Sample Verdicts by Injury Type
Injury Type | Number of Cases | Median Verdict | Average Verdict | Verdict Range |
---|---|---|---|---|
Birth Injury | 7 | $14M | $20.9M | $7.25M – $48.2M |
Stroke | 5 | $40M | $26.7M | $3.6M – $41M |
Misdiagnosis | 4 | $6.35M | $8.1M | $2M – $14M |
Surgical Error | 5 | $6M | $12.2M | $2M – $56M |
Medication Error | 3 | $1.37M | $1.66M | $600K – $2M |
Cancer Misdiagnosis | 2 | $9.26M | $9.26M | $6.53M – $12M |
Post-Op Infection / Sepsis | 2 | $28.8M | $28.8M | $8.05M – $49.55M |
Nursing Home Negligence | 1 | $5.5M | $5.5M | $5.5M |
How Much Can You Sue a Hospital or Doctor for Malpractice in Illinois?

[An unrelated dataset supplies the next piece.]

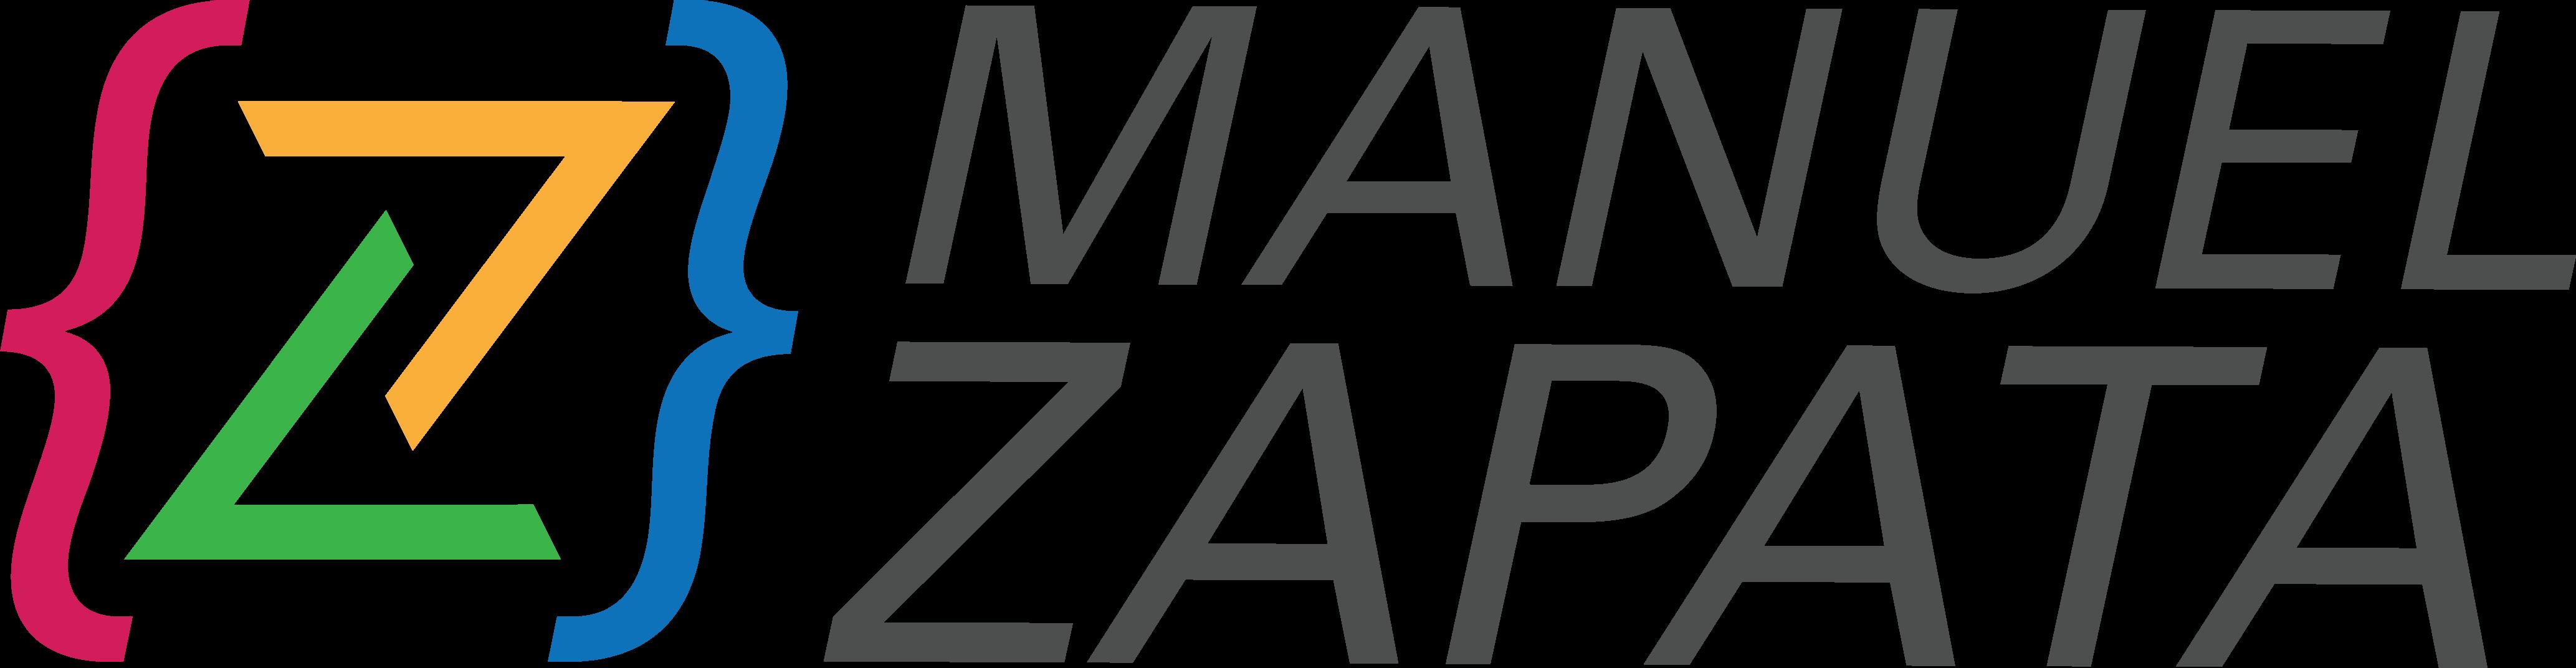 Manuel Zapata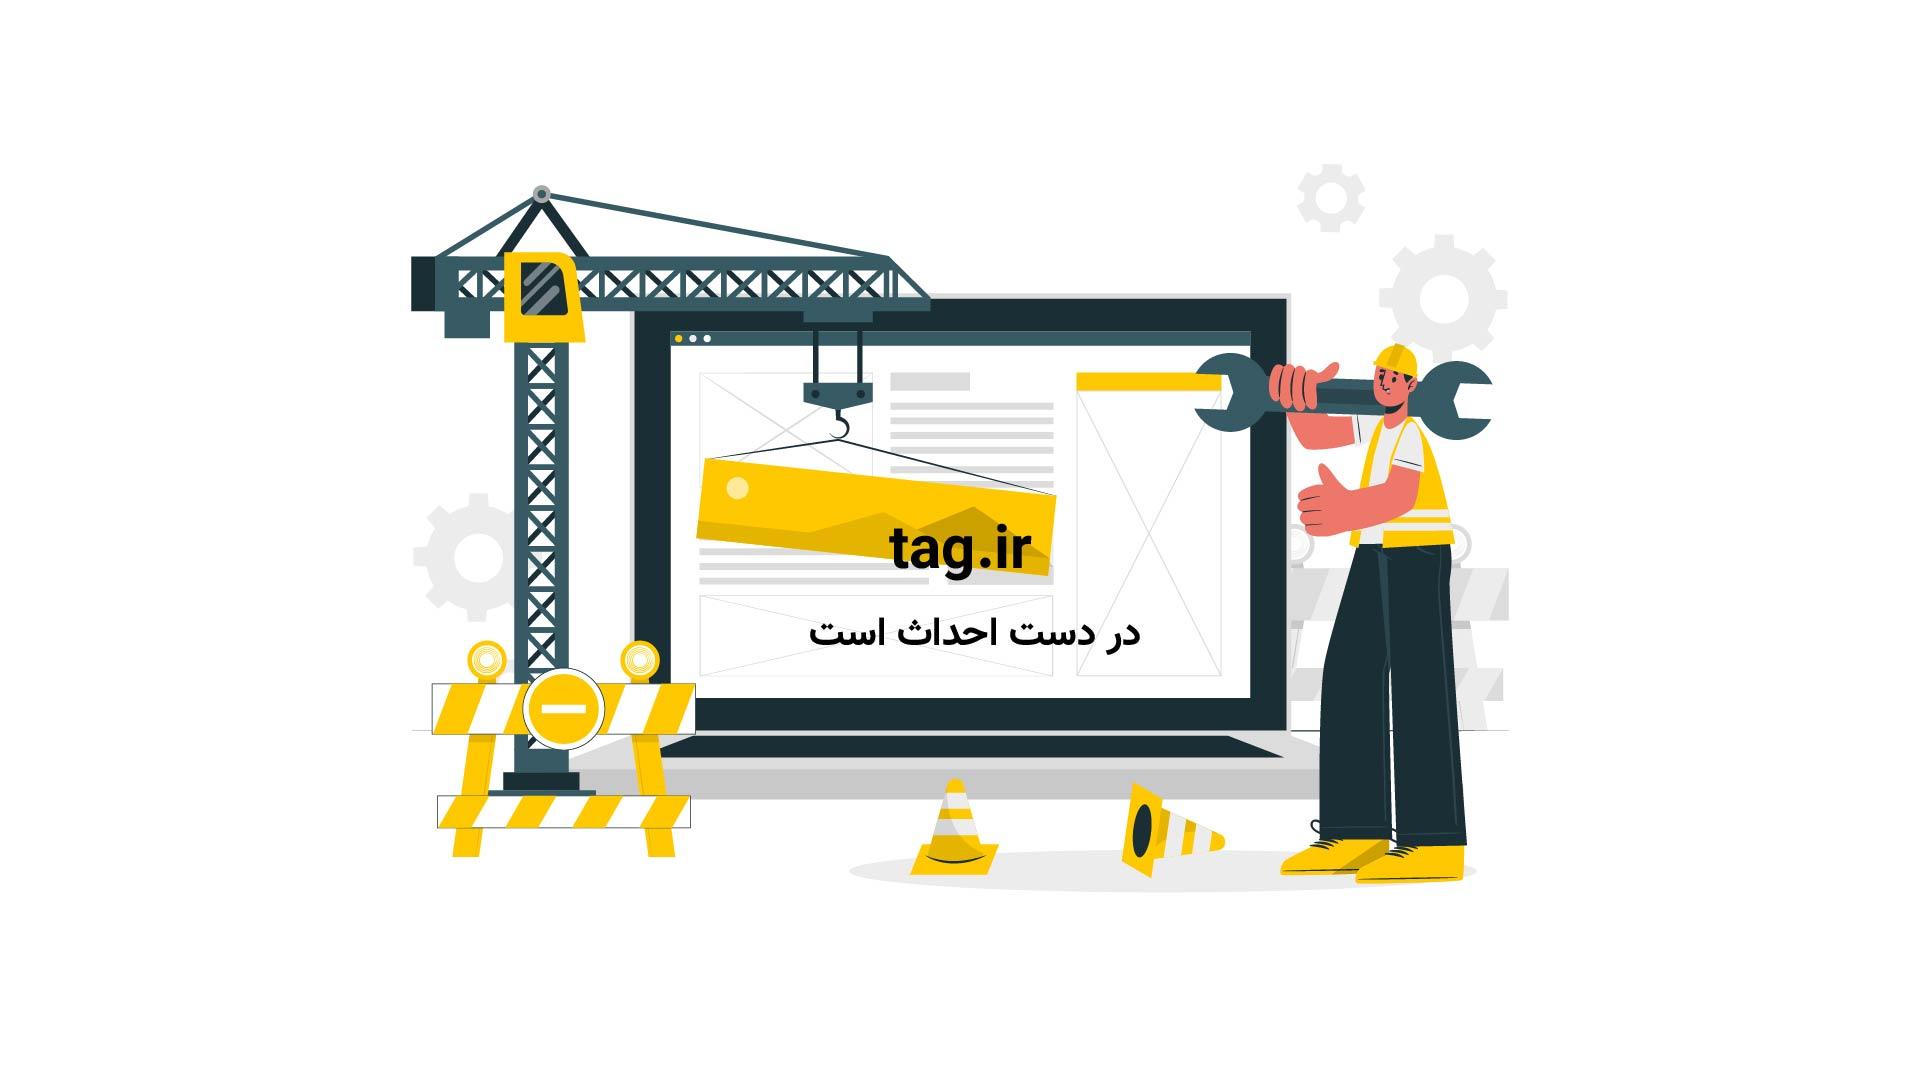 در خانه خود با استفاده از واقعیت مجازی، سفری به آفریقا را تجربه کنید | فیلم

Hospital and physician malpractice payouts in Illinois can vary significantly depending on the facts of the case. Some verdicts and settlements reach as high as fifty million dollars. But some cases fall well below a million. It really just depends on the case but several key factors determine compensation payouts. They include the severity of the injury, the strength of the negligence evidence, and the relationship between the provider and the hospital.
Hospital Liability and Settlement Amounts
Hospitals in Illinois have faced some of the largest malpractice verdicts and settlements in the country, especially in cases where patients were seriously harmed or killed due to preventable medical errors. These cases often involve failures that go beyond one bad decision, like when nurses fail to monitor a patient after surgery, when warning signs of an infection are ignored, or when a delayed C-section leads to a devastating birth injury. If you or your family has lived through something like this, you know how quickly a hospital’s mistake can change everything. Illinois juries have awarded between one million and fifty million dollars in these cases because the harm is real, permanent, and life-altering.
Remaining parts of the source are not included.